I have found a few of these around town all leaking when you flush. Sometimes you can get them to stop leaking sometimes not. 

So....... do you guys like the design?


----------



## Titan Plumbing (Oct 8, 2009)

Stewped...


----------



## Mississippiplum (Sep 30, 2011)

That's a shioty design if u ask me, pissy floors just waiting to happen

sent from the jobsite porta-potty


----------



## 504Plumber (Jan 26, 2011)

I'm guessing a c/o ?? Eff having to open that to drain it...


----------



## Adamche (Feb 10, 2012)

nice idea but CRRRappy design!


----------



## Titan Plumbing (Oct 8, 2009)

Kohler, right?


----------



## DesertOkie (Jul 15, 2011)

Titan Plumbing said:


> Kohler, right?


Crane.


----------



## azmike (Feb 3, 2010)

Easy fix would be to slide a 5 gal happy homer bucket under it.:thumbup:


----------



## easttexasplumb (Oct 13, 2010)

There is nothing a tube of mighty putty wont fix.


----------



## SewerRatz (Apr 25, 2009)

Kohler, Amercian Standard, Crane and a couple others did this at one point in time. It is a good idea, but the screw driver style expansion plug sucks. 

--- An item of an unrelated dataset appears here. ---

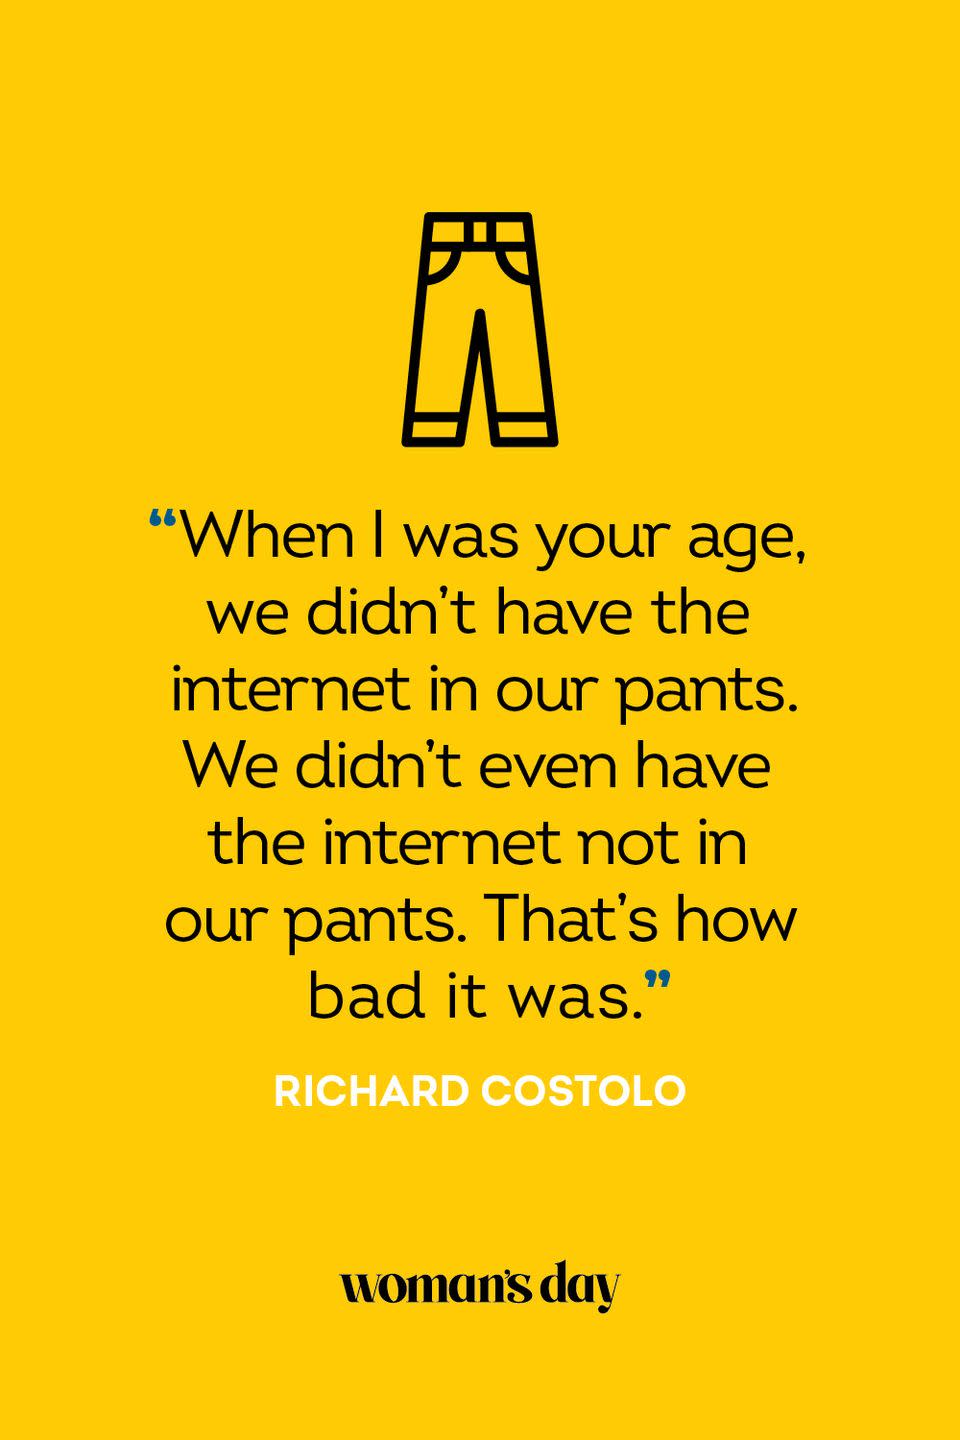 <p>“When I was your age, we didn’t have the internet in our pants. We didn’t even have the internet not in our pants. That’s how bad it was.”</p>

Hodes sells a wing nut style from 1/2" to 1 1/4" I keep on the truck and they work great. http://www.hodesco.com/default.aspx?page=item detail&itemcode=90-869


----------



## 1703 (Jul 21, 2009)

I use what ratz uses

I always feel under the trap when pulling an old urinal so I don't set it on the floor and bump the plug. Sure fire way to make them leak.


----------



## Tommy plumber (Feb 19, 2010)

I love the design, leaks are good for business........:laughing:


----------



## user8031 (Dec 14, 2011)

some play-dough and silicone WILL FIX THIS!!:laughing:


----------



## 130 PLUMBER (Oct 22, 2009)

Tommy plumber said:


> I love the design, leaks are good for business........:laughing:


 
You got that right!!!


----------



## Richard Hilliard (Apr 10, 2010)

easttexasplumb said:


> There is nothing a tube of mighty putty wont fix.


 silicone?


----------



## Piper34 (Oct 10, 2011)

This also a common problem on bottom spud urinals clean em silicone the shoot out of new spud and they will last about 3 or 4 hours they really s. ck. will never use exterior trapped urinal again . Best solution to that problem above would be to trip and smash porcelain and install new urinal without leaky clean out good luck


----------



## 504Plumber (Jan 26, 2011)

Piper34 said:


> This also a common problem on bottom spud urinals clean em silicone the shoot out of new spud and they will last about 3 or 4 hours they really s. ck. will never use exterior trapped urinal again . Best solution to that problem above would be to trip and smash porcelain and install new urinal without leaky clean out good luck


... Dope the spud for the drain on an exterior trapped urinal, never had any problem with those.


----------



## DesertOkie (Jul 15, 2011)

Piper34 said:


> This also a common problem on bottom spud urinals clean em silicone the shoot out of new spud and they will last about 3 or 4 hours they really s. ck. will never use exterior trapped urinal again . Best solution to that problem above would be to trip and smash porcelain and install new urinal without leaky clean out good luck


That's what happened. :laughing:


----------